» **Task description**
Give the data again exactly as it appears, excluding any pictures.

Top of Source material

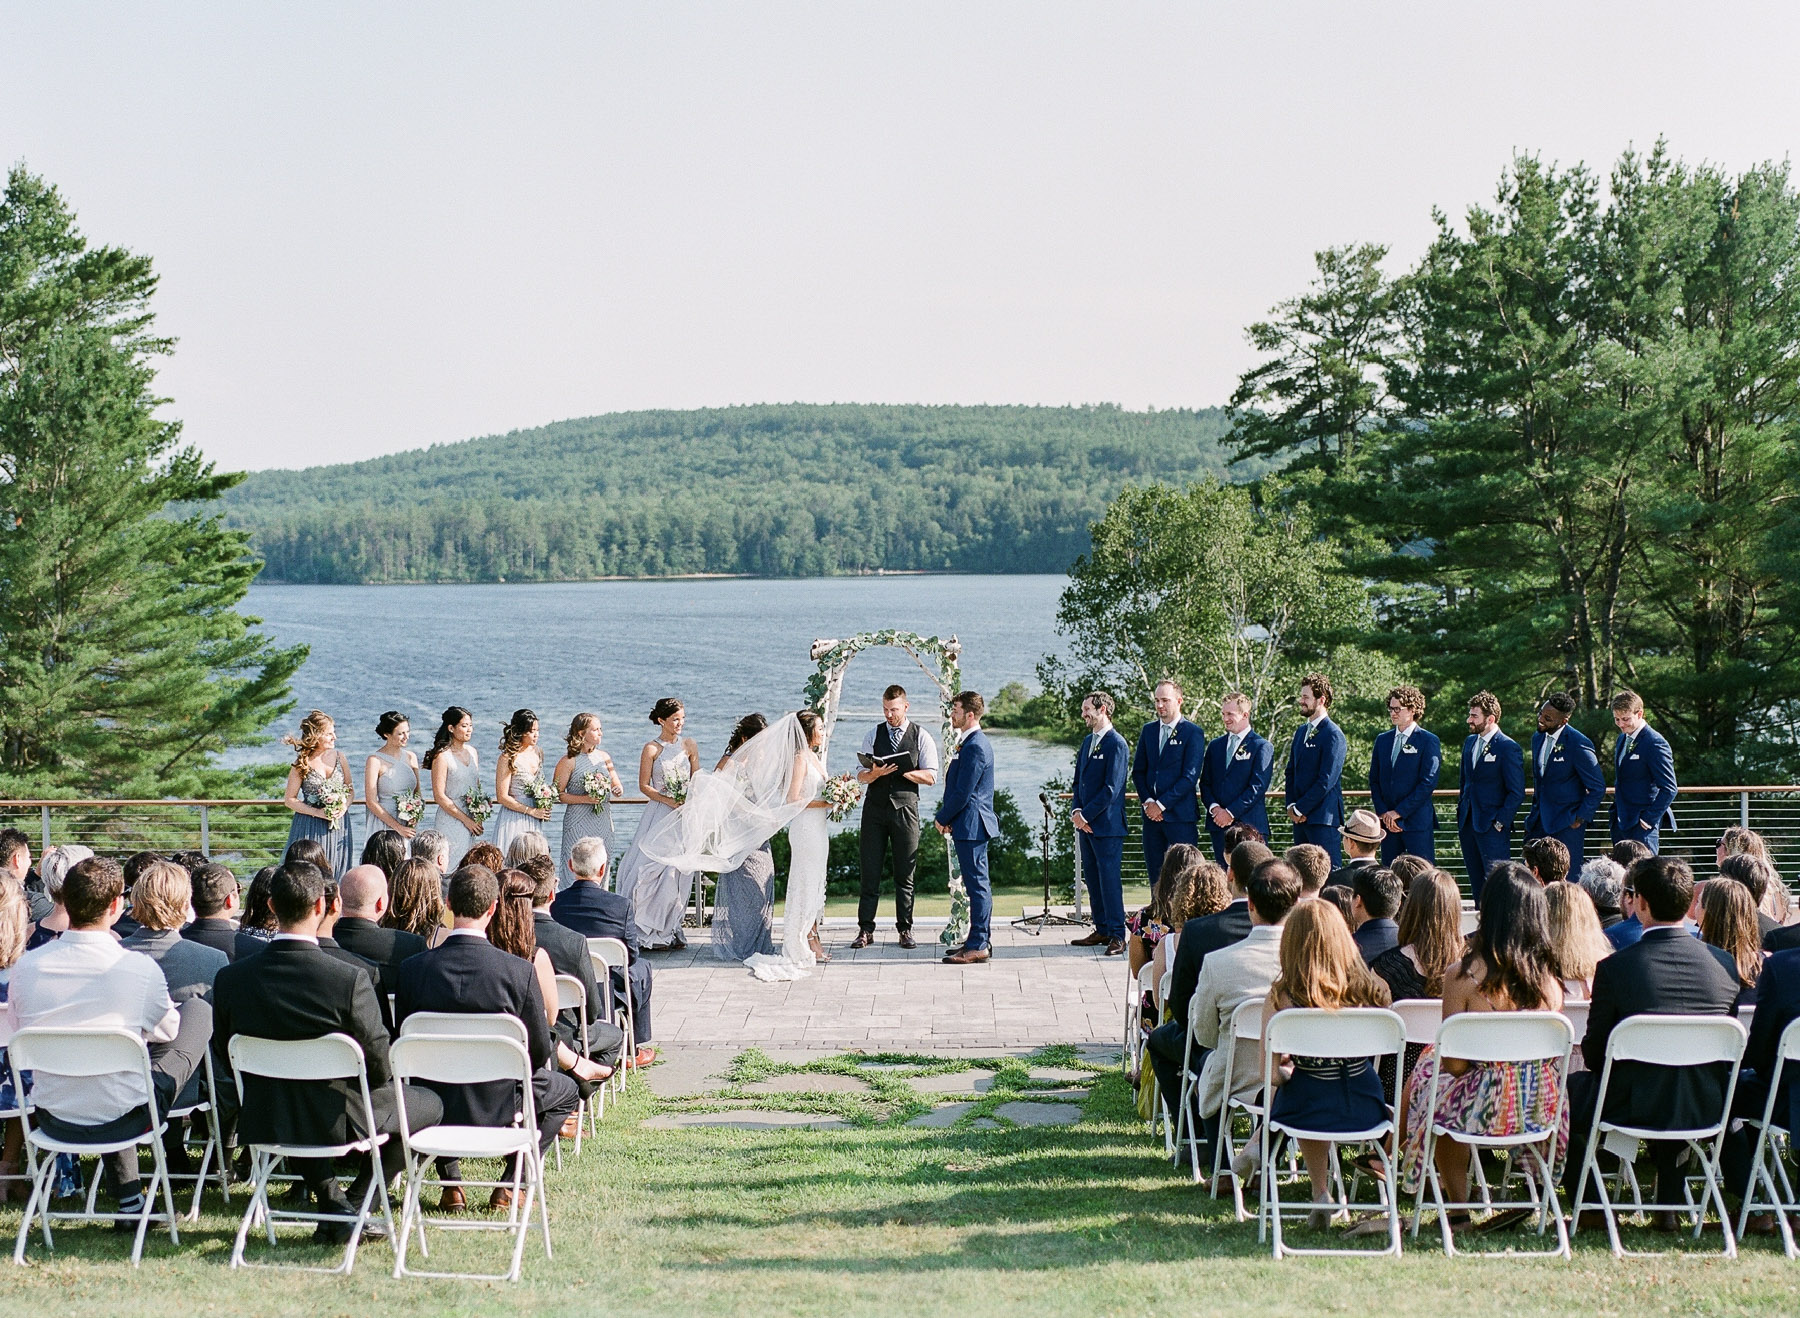 Ceremony Bear Mountain Inn Waterford Maine Wedding
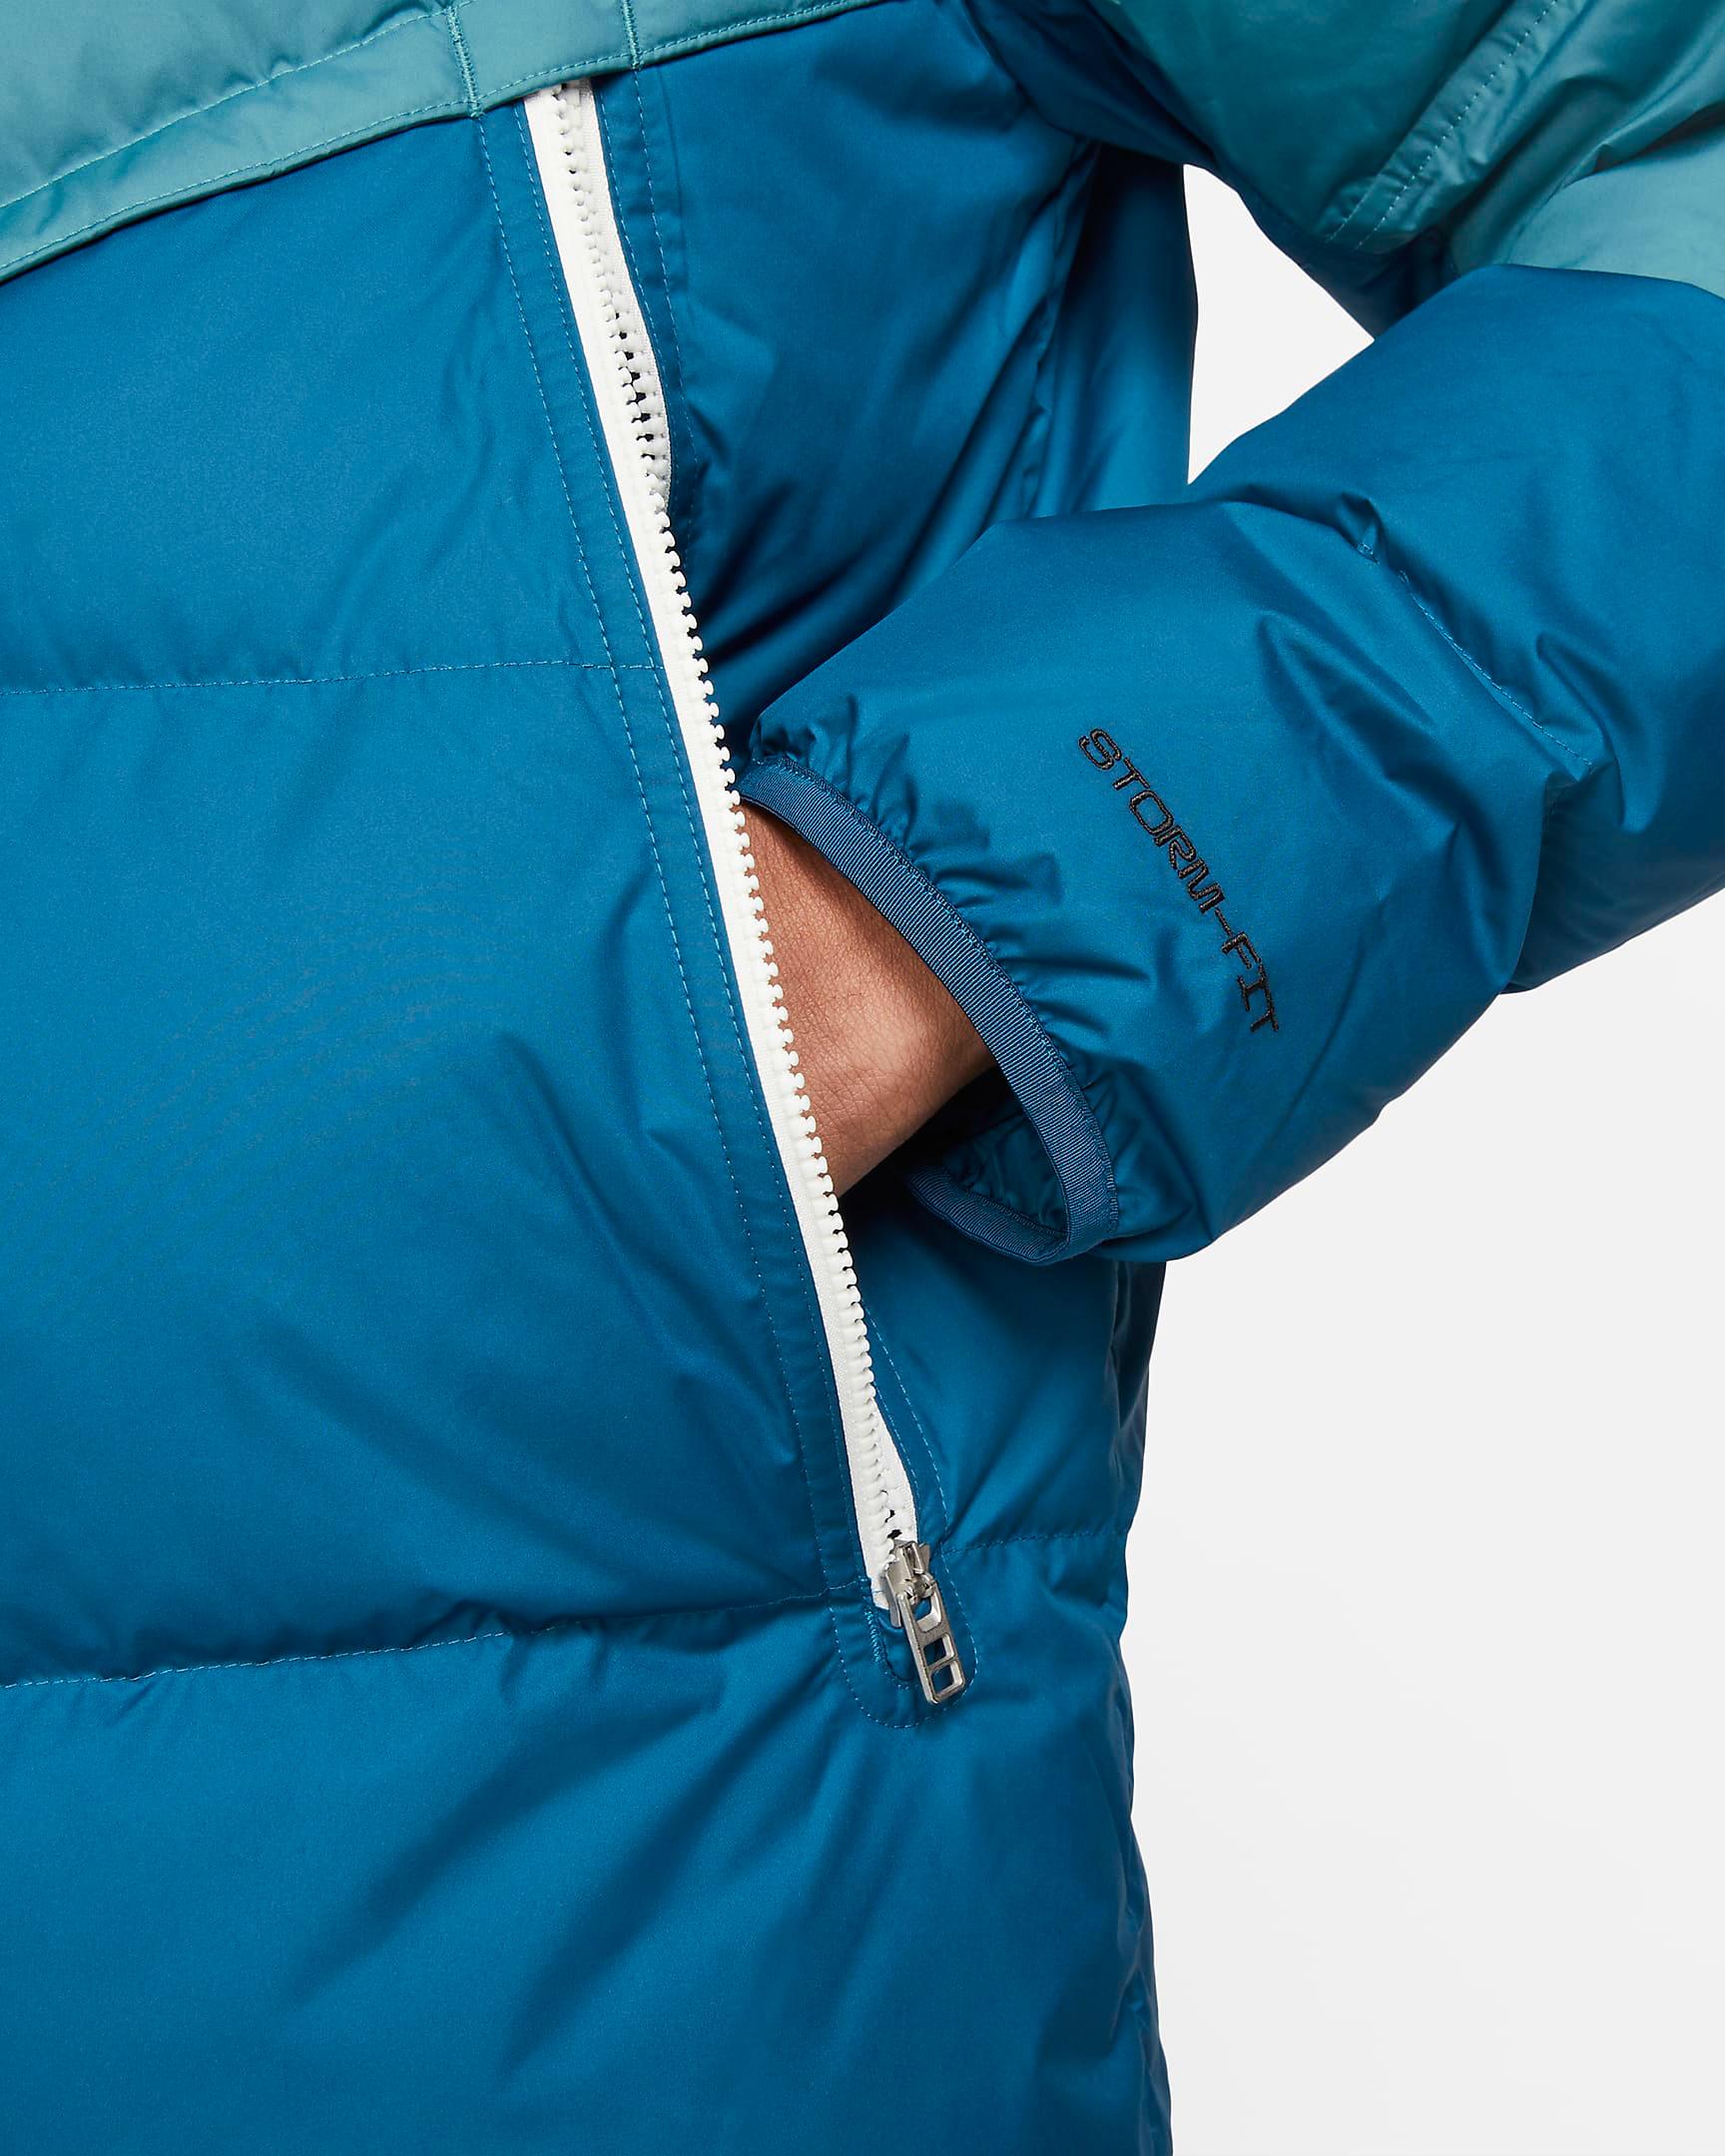 nike-sportswear-storm-fit-windrunner-jacket-rift-blue-court-blue-sail-4
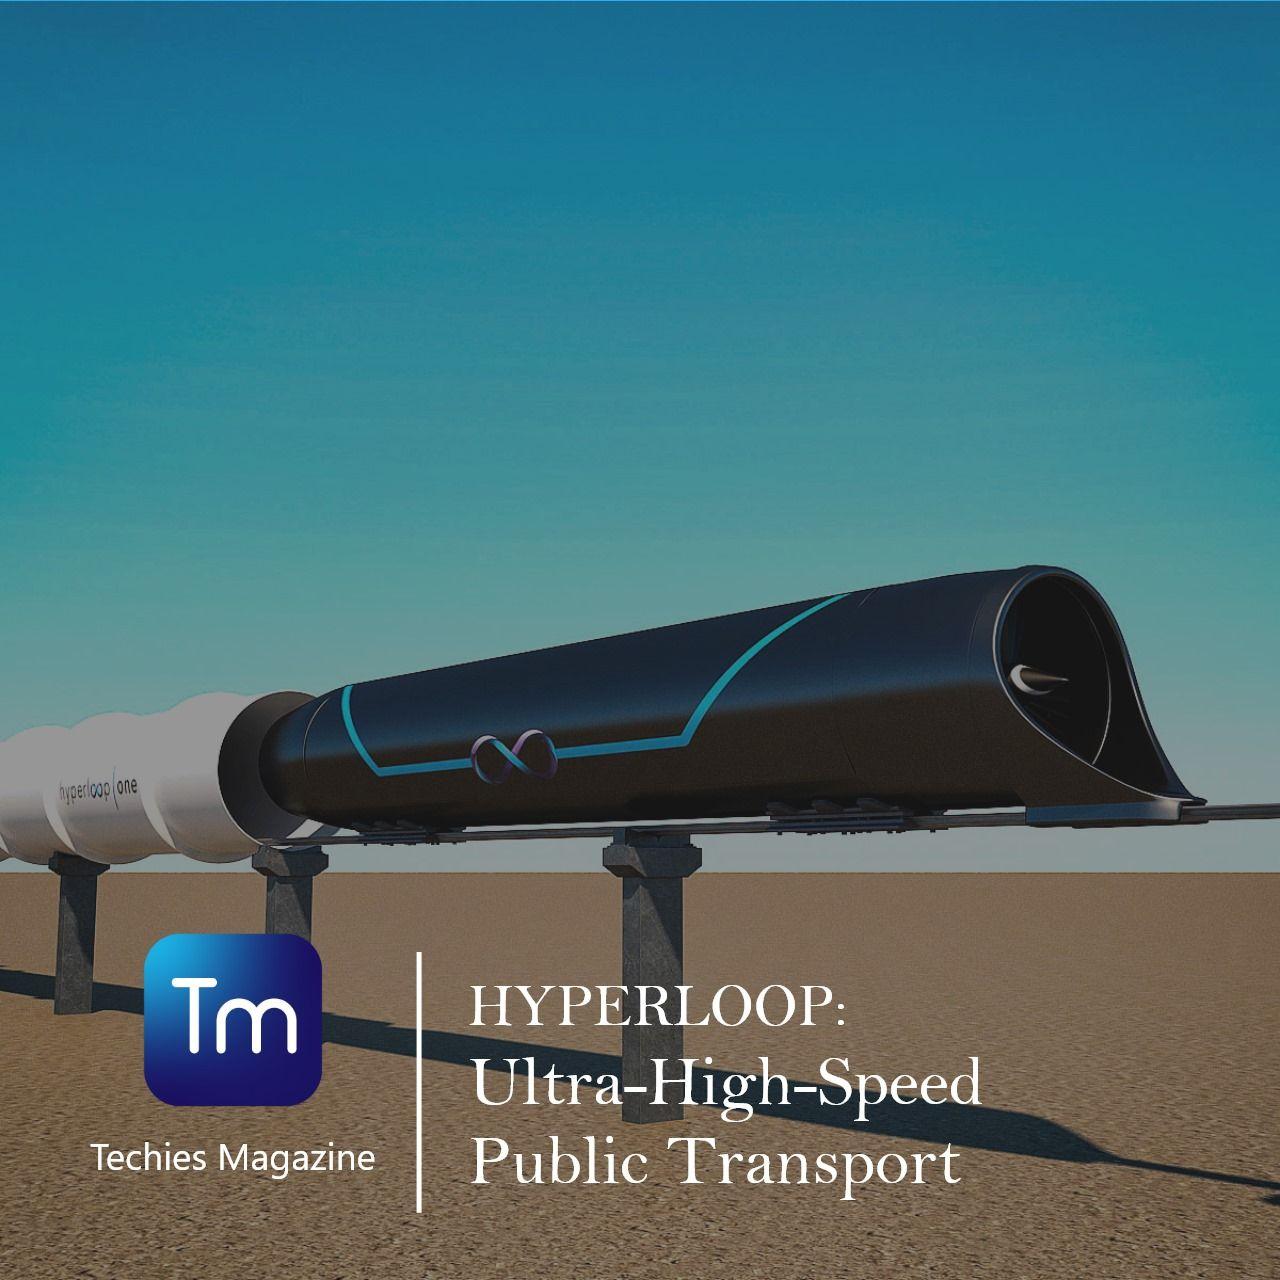 Hyperloop Ultra High Speed Public Tranpotation In 2020 Public Transport Propulsion Transportation

Bottom of Source material

» **Completed exercise**
 Ceremony Bear Mountain Inn Waterford Maine Wedding
 nike-sportswear-storm-fit-windrunner-jacket-rift-blue-court-blue-sail-4
 Hyperloop Ultra High Speed Public Tranpotation In 2020 Public Transport Propulsion Transportation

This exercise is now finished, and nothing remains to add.